Quite. And then they go hurting themselves and need to be pulled out of trouble.

Parent/child authority is natural, and doesn't need to contrived legally or morally: it's biological. It's only troublesome as far as quantifying this from a legal perspective (IOWs who gives a sh*t).

2. Kids are usually more vulnerable to those that are more savvy than they are, and tend to be more influenced during some of their more formative years (part of the definition of formative). This generally requires some prudent over sight by those who are less vulnerable.

They are naive.

3. Prudent decision making is heavily dependent on time based experience. After a period of time the risks diminish in the decision making process. Although this varies greatly from individual to individual, public policy cannot cope with variables based on a case by case basis. The ages of consent may seem arbitrary, but they aren't completely. I think much of it is based on trial and error, and risk assessment.

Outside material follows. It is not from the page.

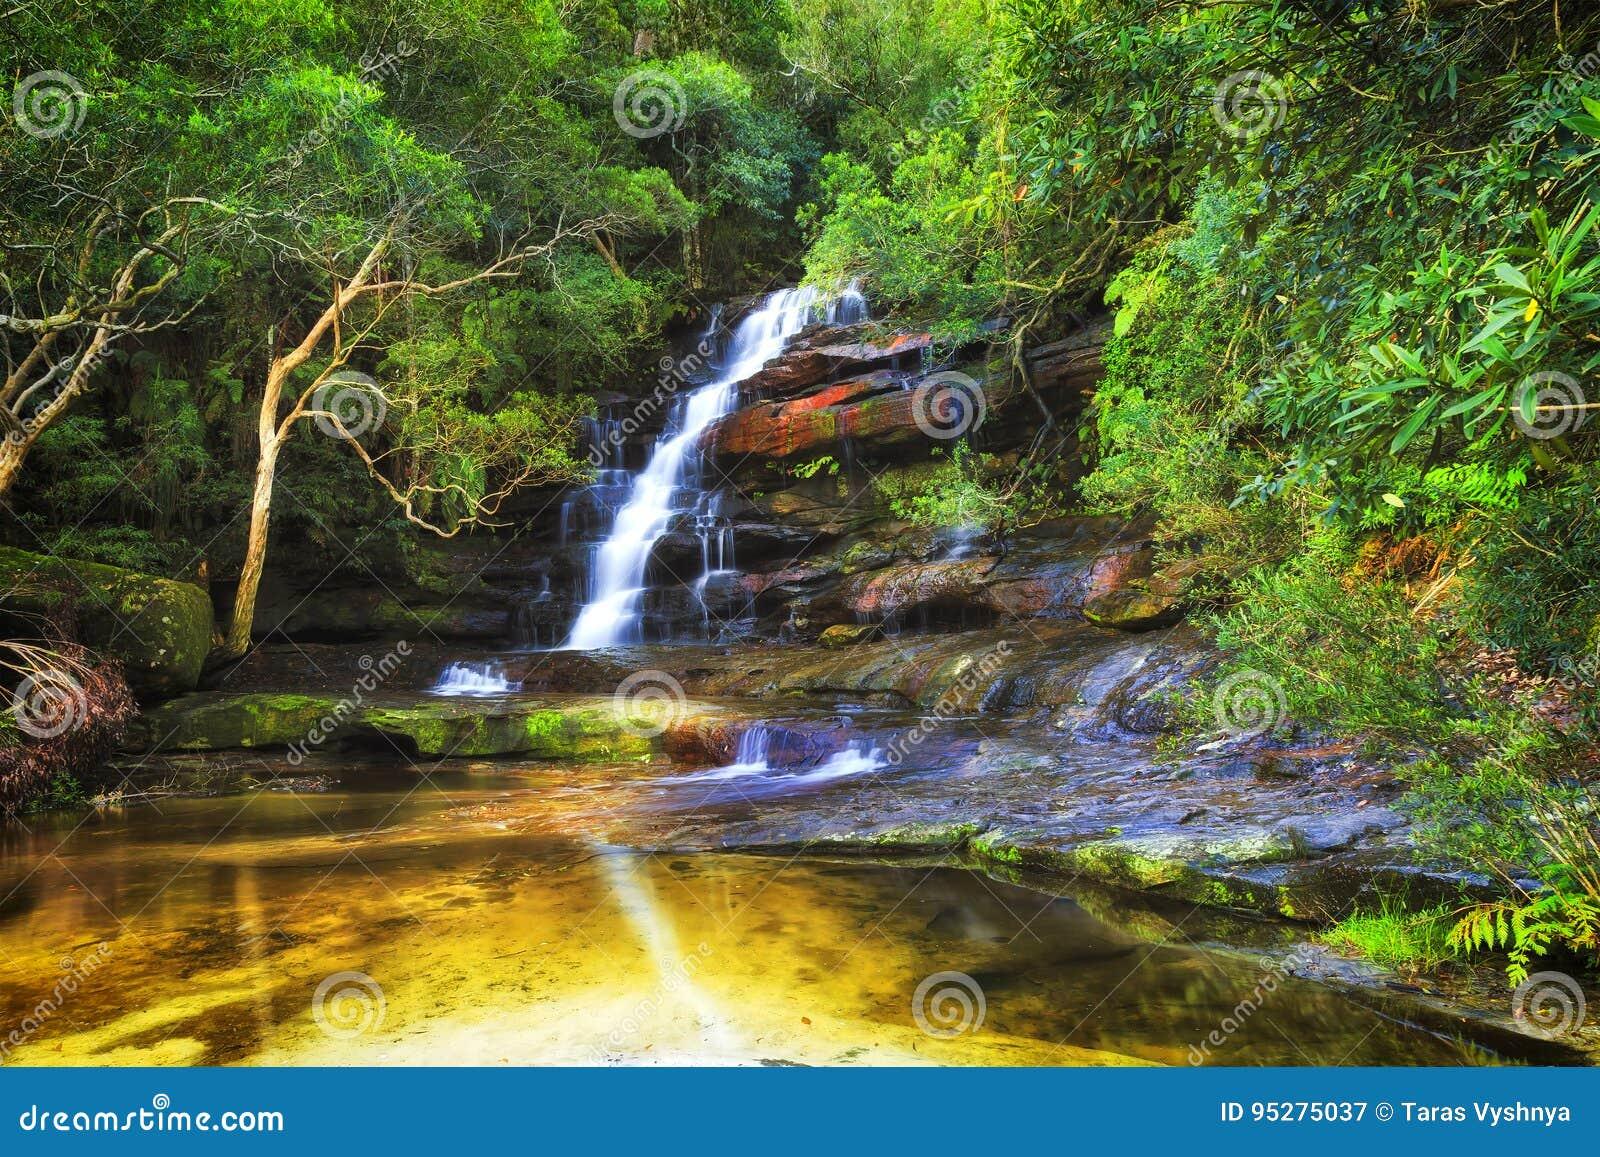 la piscine somersby de wf reflètent des arbres image stock - image

"Age of consent" is just a legal externality.

4. There is a natural progression of emotional growth within human beings. An 8 year old is going to base his decisions differently than a 14 year old, and a 14 year old will base his decisions differently than a 35 year old. As previously said, much is experience based, but much is also based on the natural progression of how an identity is formed, and how our brains mature emotionally.

Don't try and convince the teenagers on this site that they aren't fully-stocked with wisdom - they won't believe you (-_-)
kfc
Ragnar_Rahl
Posts: 19,297
Add as Friend
Challenge to a Debate
Send a Message
3/30/2011 8:56:30 PM
Posted: 5 years ago
At 3/30/2011 4:03:08 PM, OreEle wrote:
At 3/30/2011 3:24:40 PM, Ragnar_Rahl wrote:
For example, I own a chair. Since it is my property, I have the right to chop it to pieces with an ax and burn it. I can't do that (legally) to my child.
You'll doubtless be in violation of some local fire code. ^_^

No, my carbon monxide detector will go off at 11:30 pm on a work night, I'll open all the doors and windows and still, 30 minutes later, it is beeping up a storm. So I unplug it, and get a fine in the mail because a code was sent wirelessly to the fire department that I unplugged it, which is a violation in my city.

Why did that paragraph start with no?
It came to be at its height. It was commanded to command. It was a capital before its first stone was laid. It was a monument to the spirit of man.